Mieux cerner les représentations sociales des sols et des sciences : l’approche des sciences sociales

Les sols urbains ont longtemps été traités comme le substrat plan du bâti et des réseaux3 . La coupure entre ville et campagne érode la conscience que le citadin a du sol. En réaction, des envies d’habiter les sols s’expriment à travers l’essor du jardinage urbain. Il paraît utile d’explorer les représentations et connaissances des citadins, notamment celles des jardiniers urbains au sujet de la terre qu’ils travaillent. Inciter à participer à l’étude des sols permet également de susciter des réflexions collectives : que pensent les citadins des sciences ouvertes4 ? Comment les participants vivent-ils cette expérience à travers la collecte de données sur le sol ? Leur posture vis-à-vis des sciences et des chercheurs et chercheuses est à considérer à l’échelle locale pour sonder leur niveau d’implication. C’est le volet réflexif de cette recherche participative : il peine malheureusement à se déployer en raison des réticences des citadins à investir du temps sur ces questions.

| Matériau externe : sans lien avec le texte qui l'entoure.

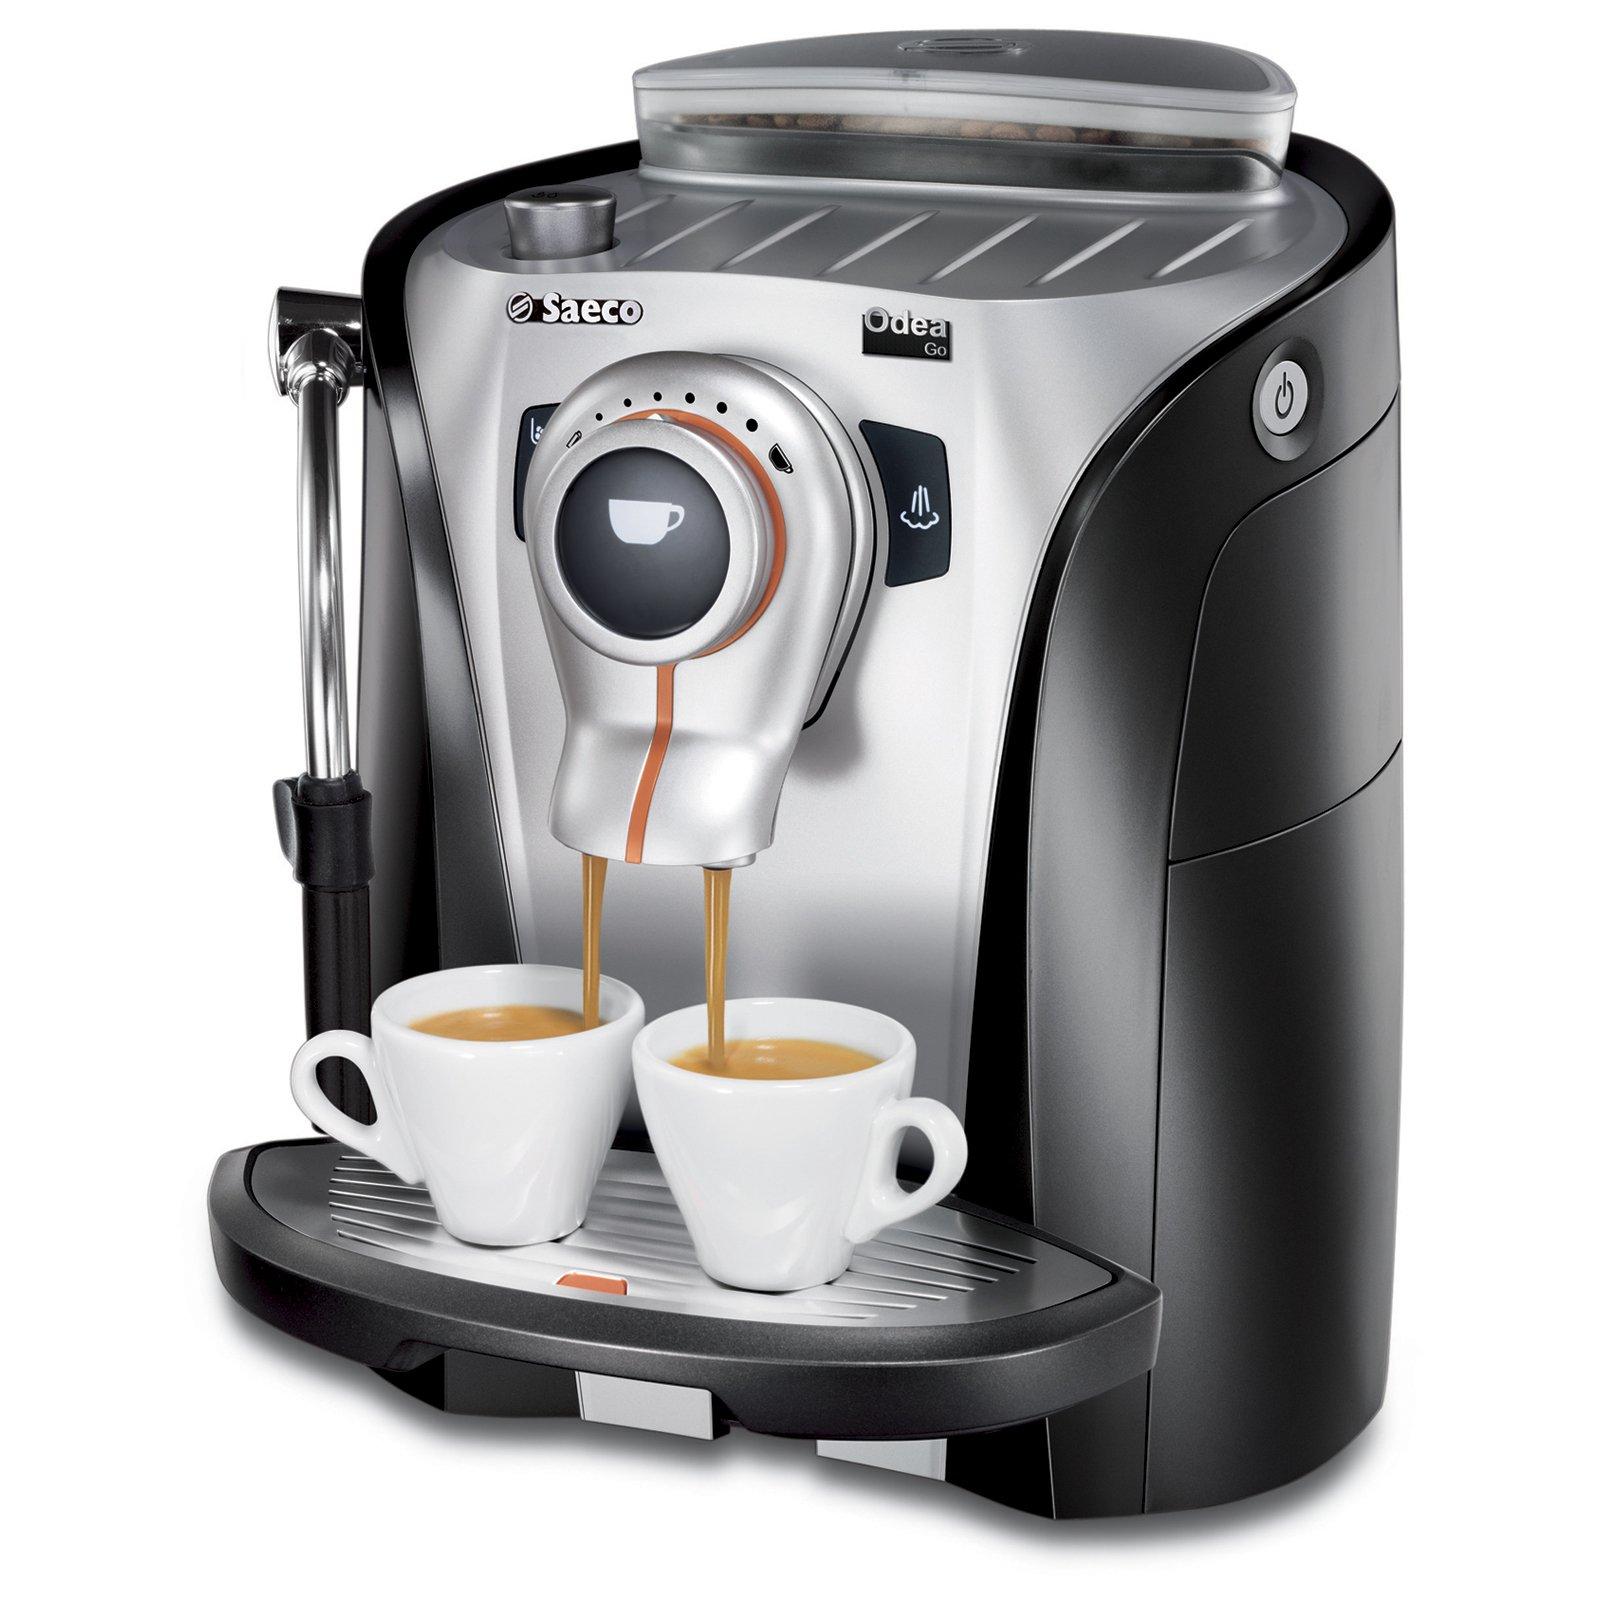 Care sunt caracteristicile de care trebuie tinut cont atunci cand ne alegem espressorul de cafea?

Les partenaires de la société civile

Côté société, les partenaires sont nombreux. Avec les communes de l’Eurométropole de Strasbourg, l’équipe de recherche réfléchit aux lieux à investiguer dans le cadre de politiques et d’aménagements variés comme les jardins partagés et familiaux, la déminéralisation des cours d’école et des trottoirs (Strasbourg ça pousse), le projet « Cités fertiles »  financé par l’Agence nationale pour la rénovation urbaine (ANRU) dans le cadre de la programmation « Quartiers fertiles ».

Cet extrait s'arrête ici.